--- Supplied information ---
——————————
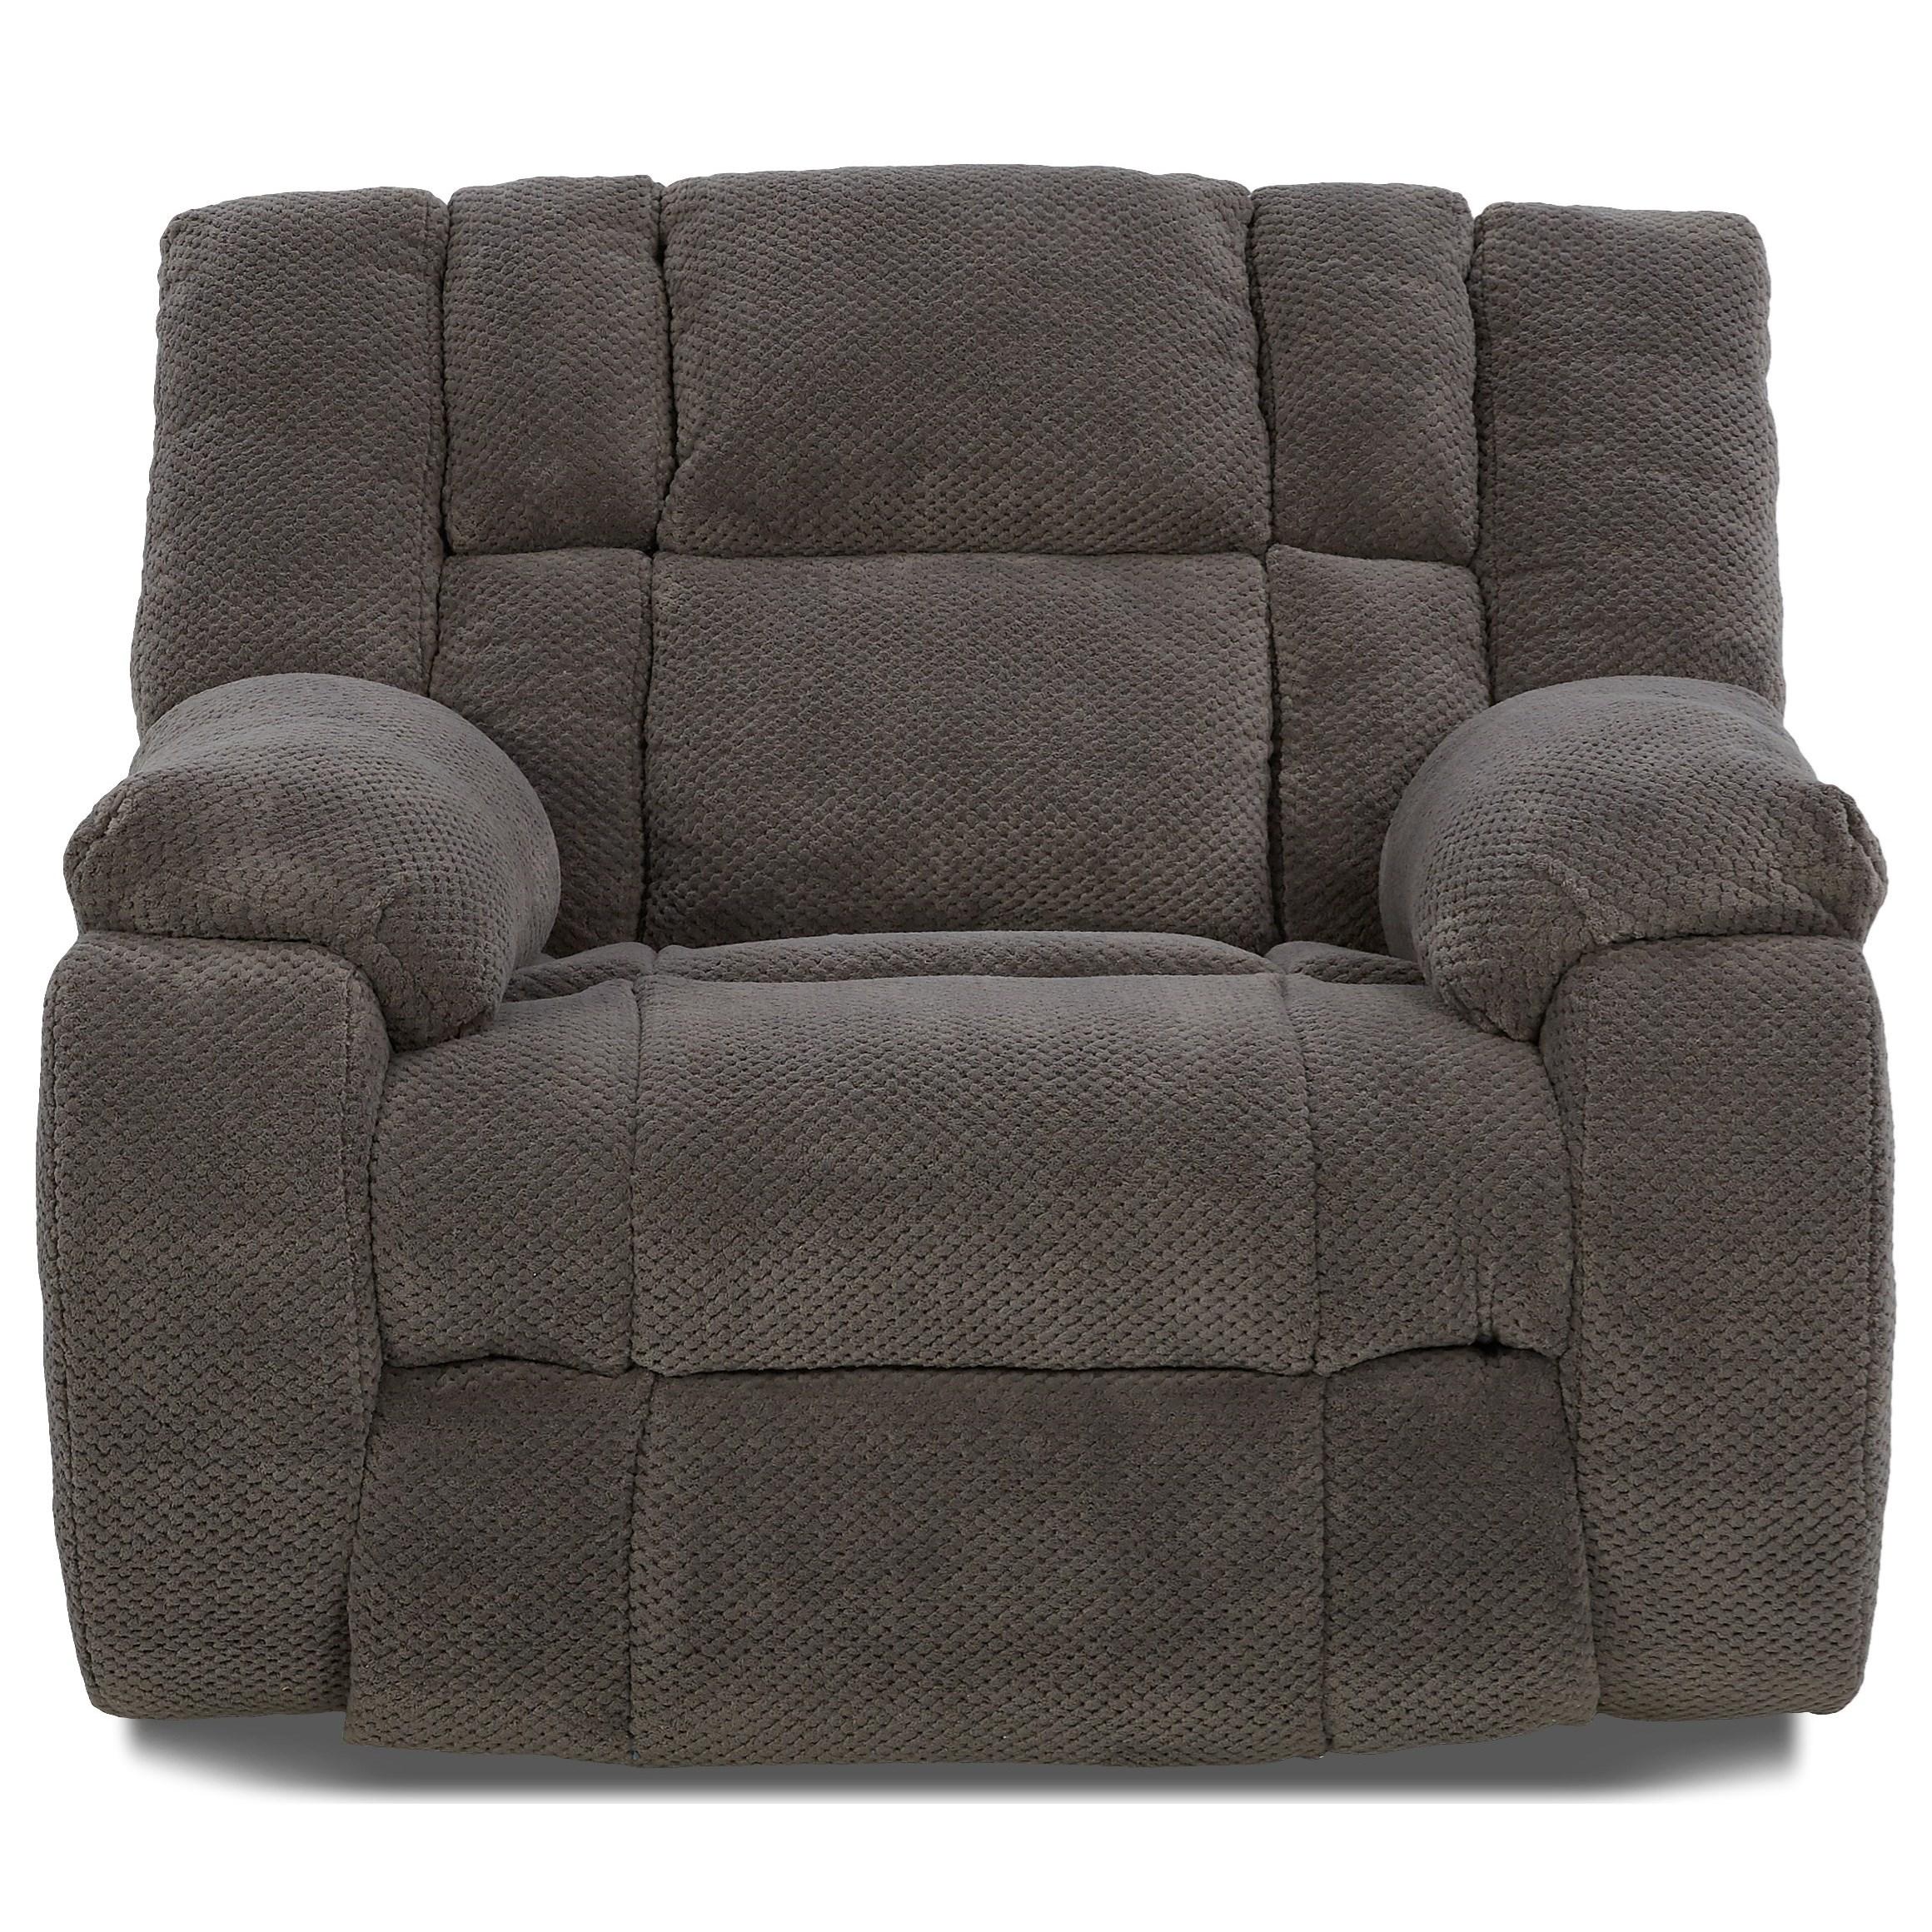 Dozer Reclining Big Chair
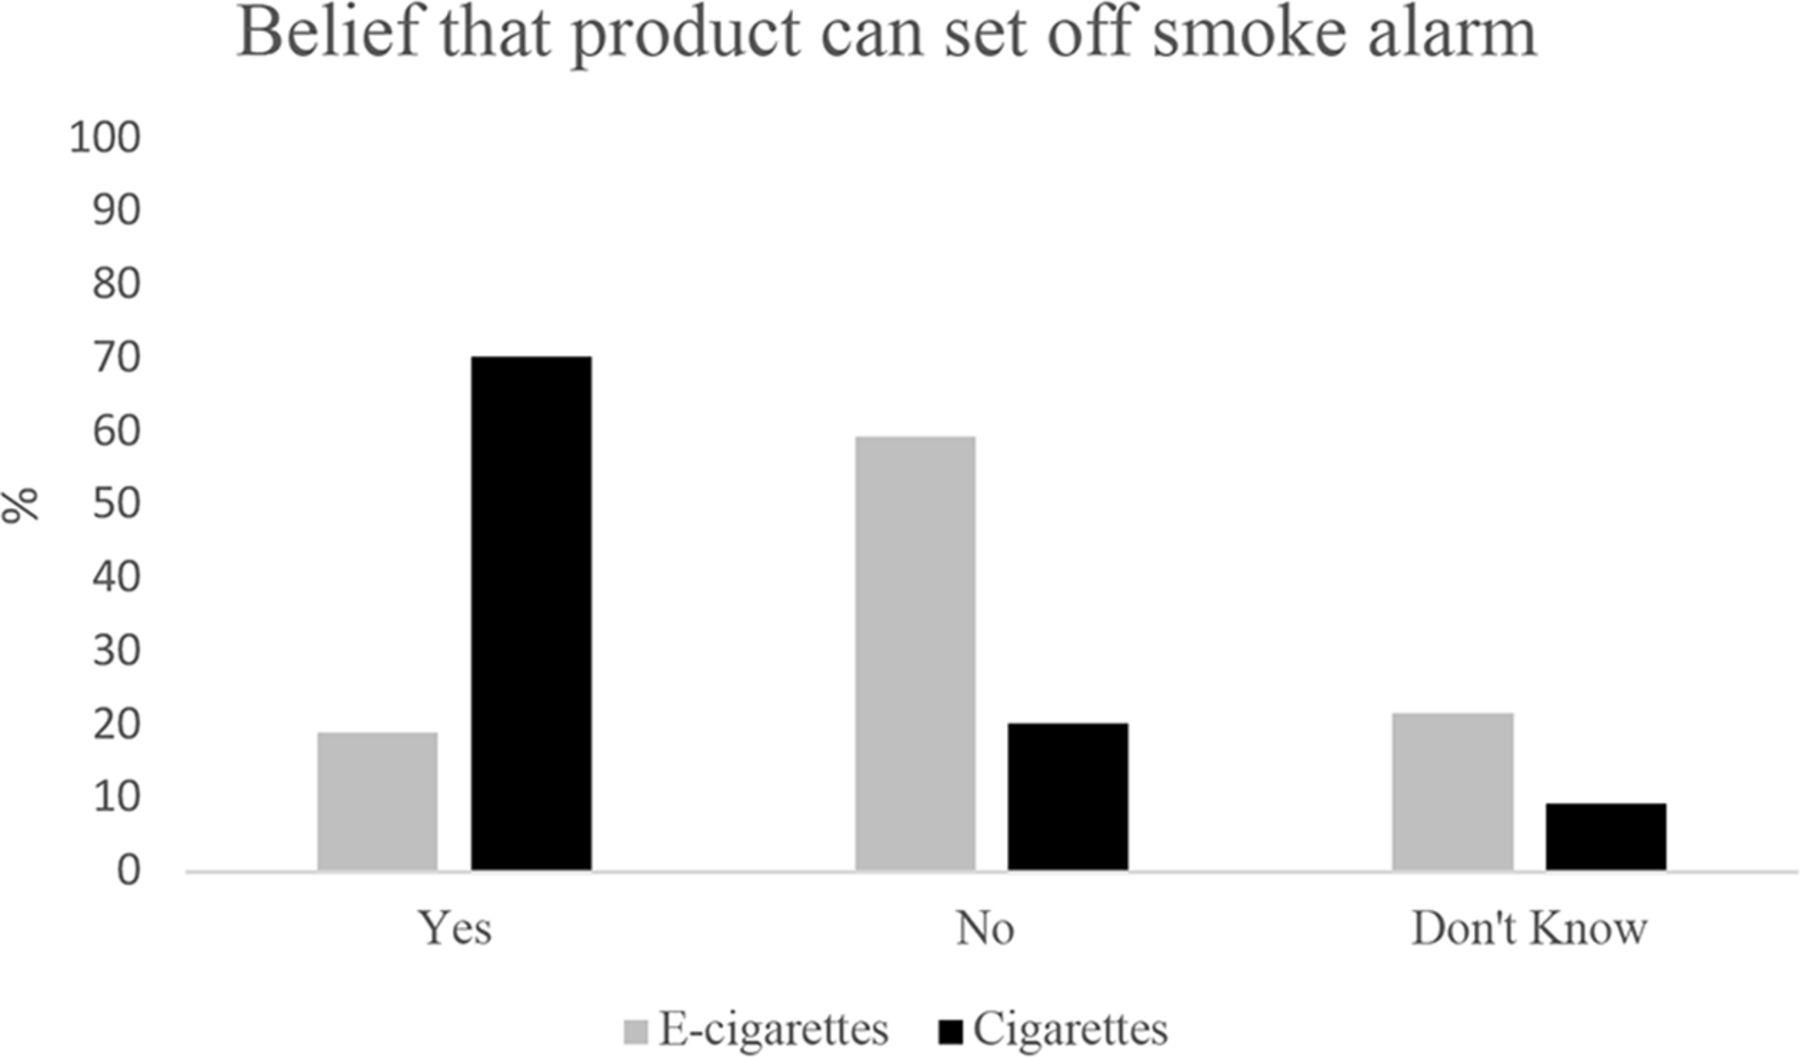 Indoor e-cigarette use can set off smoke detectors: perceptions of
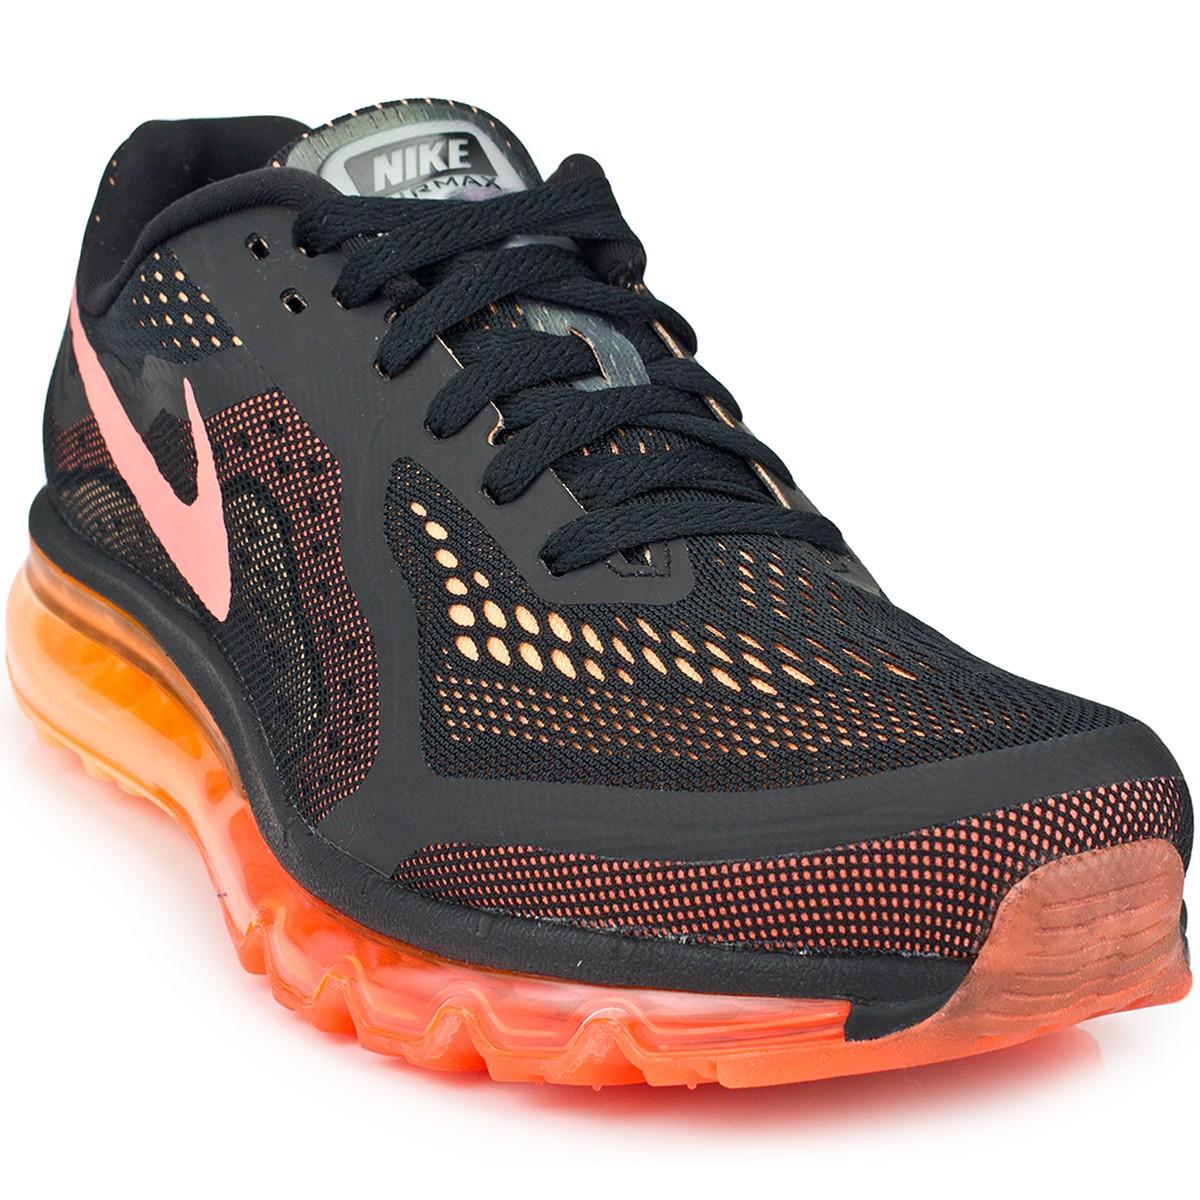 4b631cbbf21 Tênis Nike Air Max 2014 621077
——————————
--- About this exercise ---
Without including any picture, reproduce all of the material exactly.

--- Task solution ---
 Dozer Reclining Big Chair
 Indoor e-cigarette use can set off smoke detectors: perceptions of
 4b631cbbf21 Tênis Nike Air Max 2014 621077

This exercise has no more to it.